Particles accelerating after collision with mesh wall (STL)

Nucleophobe's picture
Submitted by Nucleophobe on Sun, 03/29/2015 - 04:07

I am performing a LIGGGHTS simulation with spherical particles moving inside of a pipe around an obstruction. The simulation proceeds fine at first, but once the particles collide with the obstruction, they sometimes accelerate (as if the coefficient of restitution were greater than unity). This seems to be a problem with mesh/surface STL wall specification, as I don't get this sort of behaviour when using planes and cylinders as walls.

I create the wall using:
# Load STL mesh for all walls:
fix surfaceSTL all mesh/surface file ../DEM/test_surface.stl type 1
# Activate wall based on STL mesh from above:
fix surface_wall all wall/gran model hertz tangential history mesh n_meshes 1 meshes surfaceSTL

and my collision pair properties are defined:
#Material properties required for new pair styles
fix m1 all property/global youngsModulus peratomtype 5.e7
fix m2 all property/global poissonsRatio peratomtype 0.45
fix m3 all property/global coefficientRestitution peratomtypepair 1 0.5
fix m4 all property/global coefficientFriction peratomtypepair 1 0.5

#pair style
pair_style gran model hertz tangential history #Hertzian without cohesion
pair_coeff * *

Decreasing the timestep helps, but I still get some wild collisions where the kinetic energy for a particle suddenly increases. Refining the surface mesh (i.e., increasing the number of triangles) also helps, but at great computational cost.

Does anyone know why this might be happening? Are there limitations using STL surfaces with LIGGGHTS? Do the triangles need to be of a certain aspect ratio or something? I checked the documentation, but didn't see anything there.

Any guidance appreciated. Thanks!
-Nuc

diego.peinado's picture

diego.peinado | Wed, 04/01/2015 - 14:21

Dear Nucleophobe, this behavior is probably caused by a large time step. If in the particle has enough time to penetrate too much in the wall before the check is done, then a very large restitution force is applied.

Nucleophobe's picture

Nucleophobe | Sat, 04/04/2015 - 02:52

diego.peinado,

Thanks for the response; that makes sense.

Do you know why a finer STL mesh would increase stability (i.e., allow for a larger time step)? I find this behavior a bit strange.

Also, Is there any more literature or documentation that I can refer to regarding how collisions are handled, or should I just look at the source code?

Nucleophobe's picture

Nucleophobe | Tue, 04/21/2015 - 17:32

I am continuing to have problems with sudden, non-physical increases in particle velocity magnitude (e.g., by a factor of two or more) during some collision events.
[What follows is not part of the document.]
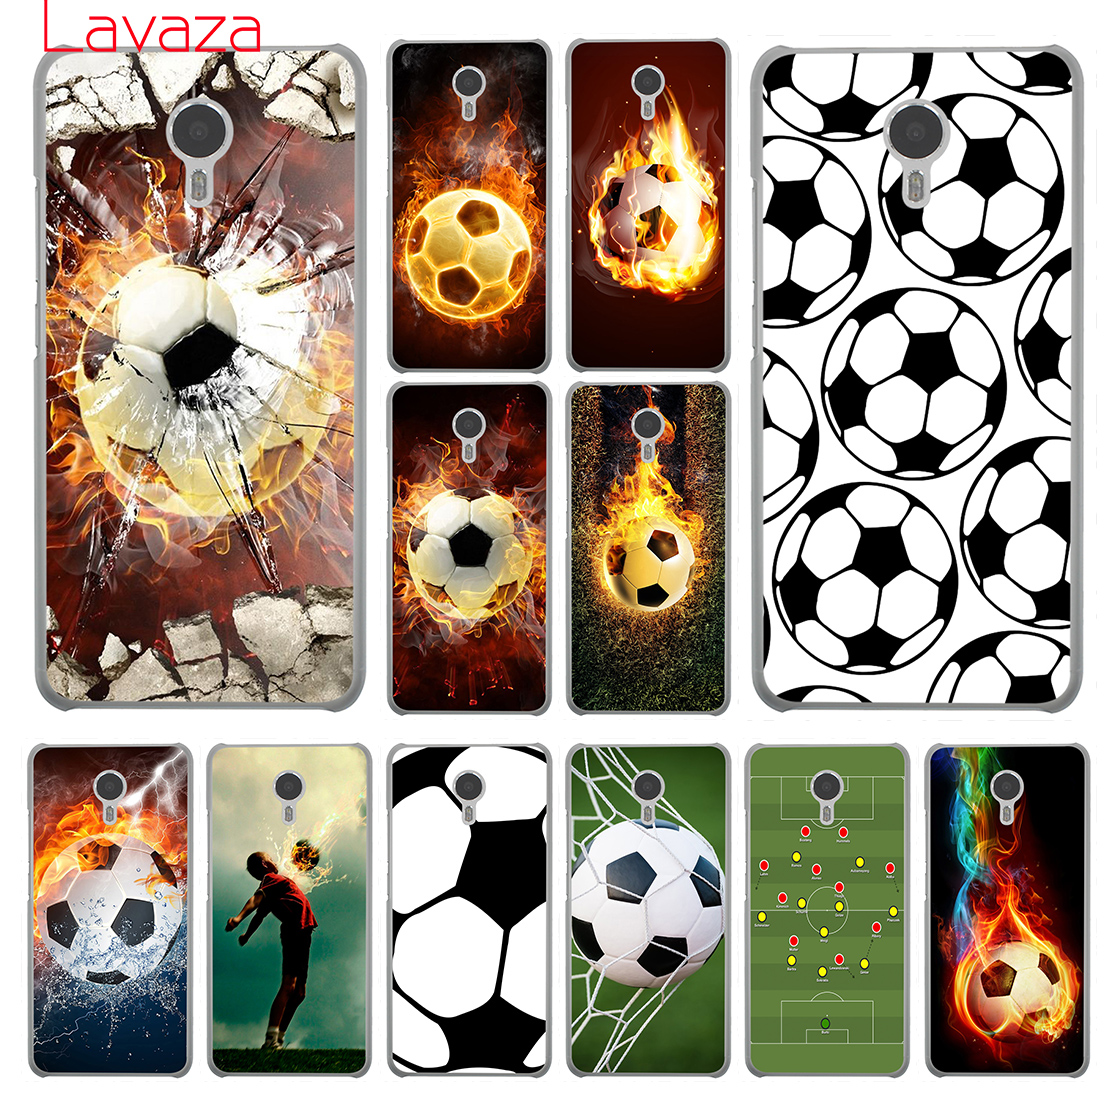 Lavaza Fire Football Soccer Ball Hard Phone Case for Meizu M6 M5 M5C M5S M3 M3S M2 Note Mini Pro 7 Plus 6 U10 U20 Cover

Reducing the time step does not resolve the problem, so something else must be going on. I tried switching to the Hooke collision model but that gave almost identical results. I have found that a specifying a very small Young's modulus (i.e., 5e3) eliminates the problem.

I'm wondering if there is a problem during the initial collision between the particle and a single triangle in the STL mesh. Thus, by specifying a smaller Young's modulus, more penetration is allowed, and the particle contacts more triangles, which somehow damps out the numerical instability (?).

OR, perhaps my units are the problem, and the Young's modulus I had specified was too high all along. If all of my lengths are in meters, is the Young's modulus in Pascals, or something else?

Thanks,
-Nuc

Nucleophobe's picture

Nucleophobe | Tue, 04/21/2015 - 18:02

P.S.
Regarding units, I am using 'units si':
http://lammps.sandia.gov/doc/units.html
So, the Young's modulus should be in units of Pascals. Thus, a Young's modulus of '5e3' would be 5KPa, which is incredibly small.

For normal materials, the Young's modulus should be around 100MPa - 500GPa:
http://www-materials.eng.cam.ac.uk/mpsite/interactive_charts/stiffness-d...

However, in the LIGGGHTS tutorials, I see a value of 5e6 (5MPa) for all of the cases. Does anyone have an explanation for this?

cstoltz | Wed, 04/22/2015 - 03:23

Typically, setting the Young's modulus to a 'realistic' value leads to a timestep that is very small and makes the simulation take forever. You can often get away with reducing the Young's modulus by a few orders of magnitude without significantly affecting the results of the simulation. In return, you're able to use a larger timestep and still have a stable simulation.

Suggest you use the fix_check/timestep/gran to calculate the timestep you're currently using as a fraction of the Rayleigh or Hertz timestep. As a general rule of thumb, target keeping your timestep < 0.2*Rayleigh time to keep things stable.

Regards,
Chris

Nucleophobe's picture

Nucleophobe | Mon, 04/27/2015 - 12:53

Chris,

Thank you; your post is very helpful. I'm doing more investigation now to see what fraction of the Rayleigh / Hertz timestep I am using in my simulations.